As for claims that “dozens of deaths” were linked to Bahraini security forces’ actions, either directly or indirectly, the statement said: “The Ministry of Interior acknowledges that two people were killed during violent protests and clashes with police on the second anniversary of the unrest. An additional four violent opposition members killed themselves in 2013.”

“Three police officers were killed by rioters/terrorists. Homemade bombs were responsible for two of the deaths and one officer was killed when he was shot at close range by a rioter with a flare gun… Therefore, in 2013, more police officers died than rioters and more rioters died on account of their own actions than in clashes with the police,” it said.

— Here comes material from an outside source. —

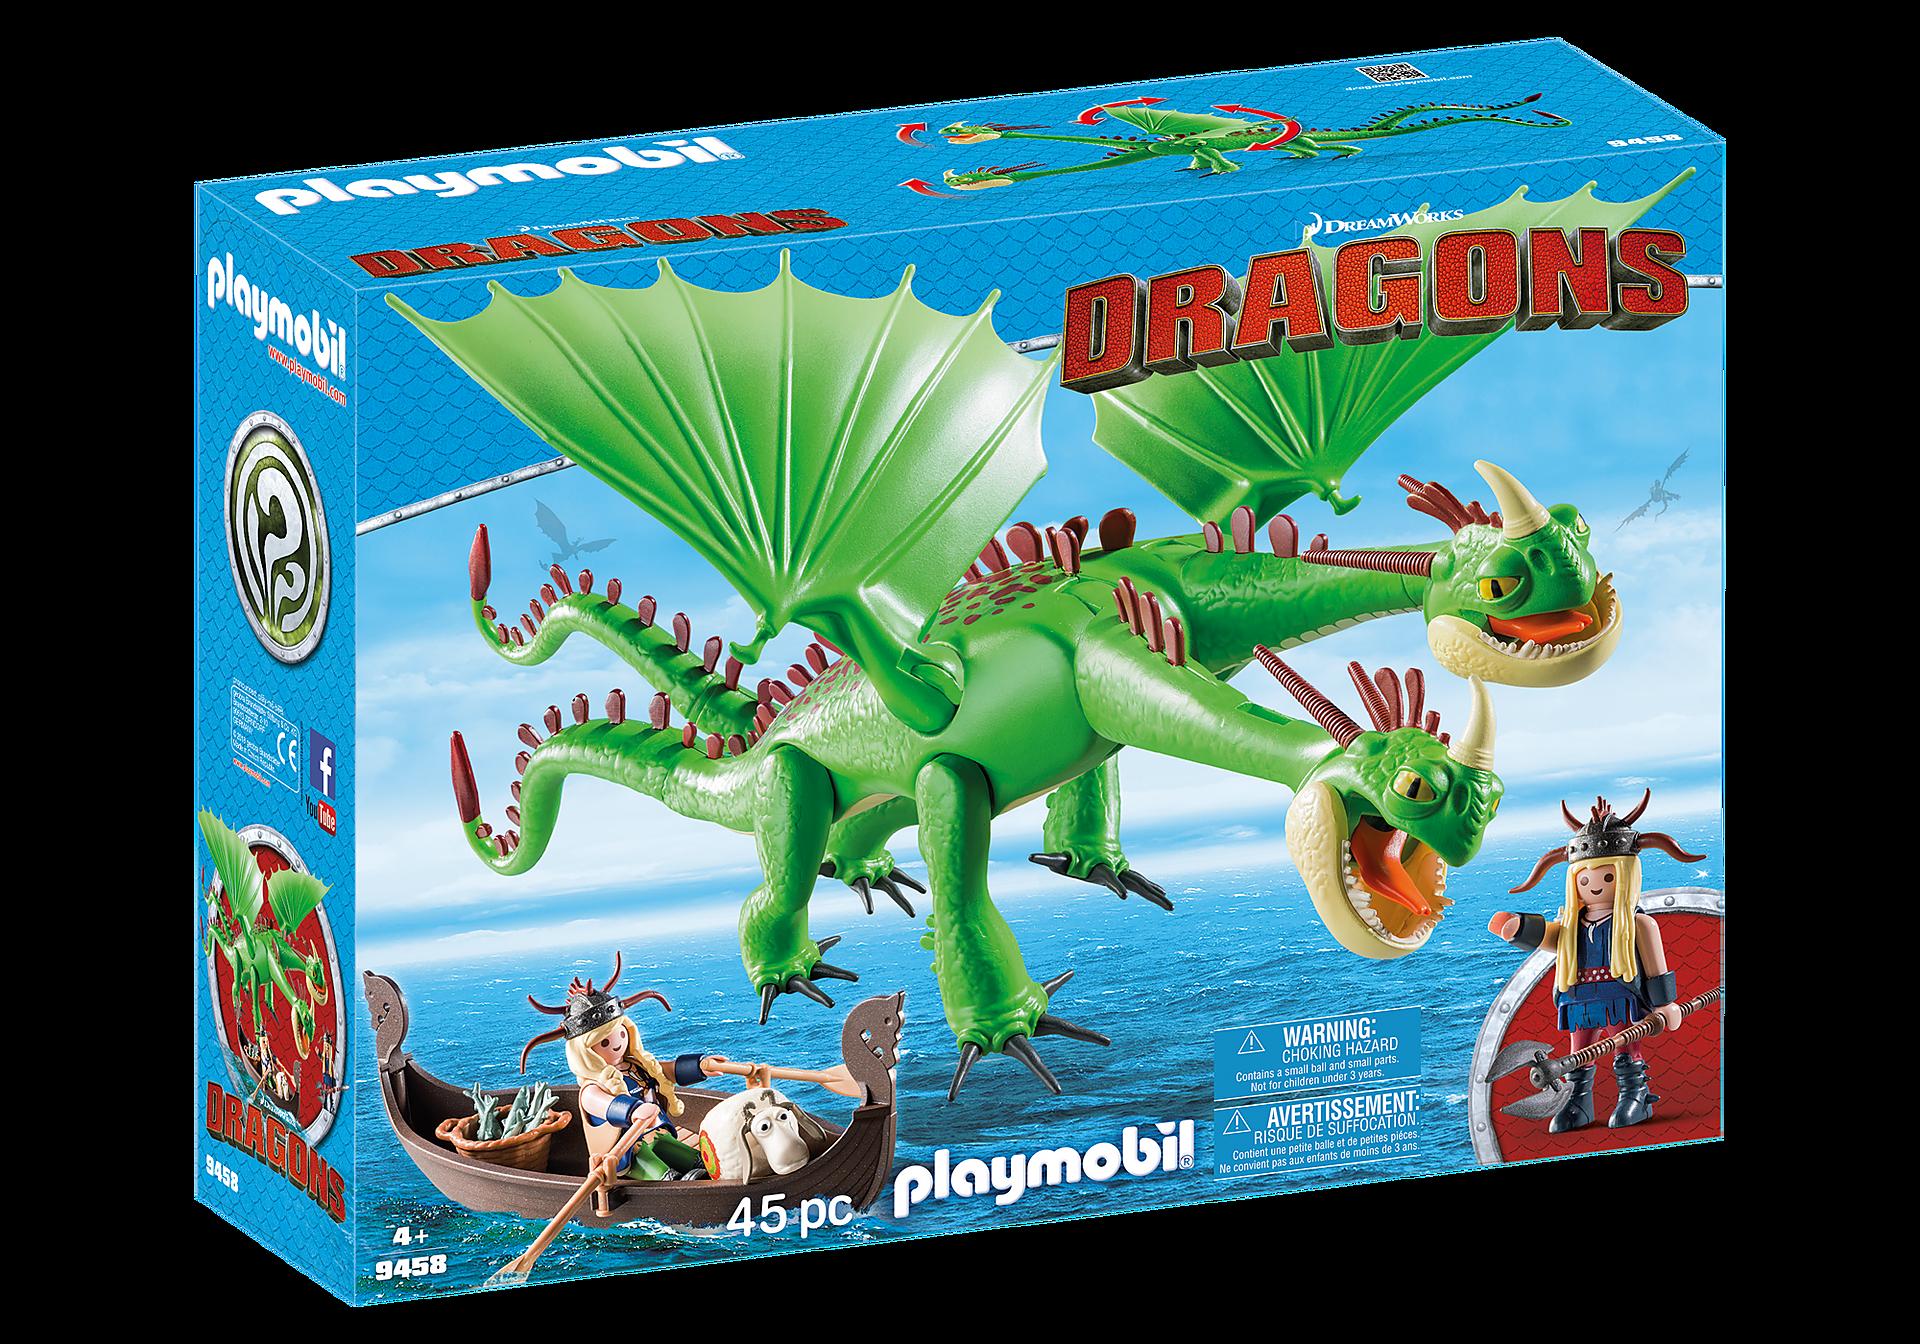 http://media.playmobil.com/i/playmobil/9458_product_box_front/Ο Πέτρας και η Πέτρα με τον δικέφαλο δράκο Ρέψιμο & Αναγούλα

The allegation that some deaths were caused by exposure to tear gas is “utterly baseless,” the statement added.

The Bahraini Interior Ministry accused the U.S. State Department of using “radically charged language” in its report, particularly citing the allegation that “Yemeni police officer” Ahmed Areen was acquitted of killing protesters in 2011. “Police officer Ahmed Areen is a Bahraini police officer. He is not a Yemeni police officer. Would the U.S. Department of State identify a Chinese American officer in the Boston Police Department as a Chinese police officer? This racially charged language plays into the oppositions’ attempt to dehumanize police officers by labeling them as foreigners and mercenaries,” the Bahraini Interior Ministry said.

“The allegation that police continued to serve as law enforcement officers while their trial was underway is misleading and raises unnecessary alarm. The officers were assigned to non-enforcement, administrative duties during their trial, pending the final verdict. This is the same protocol that is used by police departments in the United States,” the report added.

Bahrain’s Interior Ministry also raised questions about the U.S. State Department’s terminology, raising questions about “imprecise language and vague allegations.”

“The mention of ‘official interrogation facilities’ (otherwise known as “police stations” in the United States) is gratuitous. The Ministry of Interior categorically rejects the allegations that torture and/or ill treatment is ongoing at police stations,” the report said.

“The Ministry of Interior has a zero-tolerance policy for torture or any other form of mistreatment,” the report added.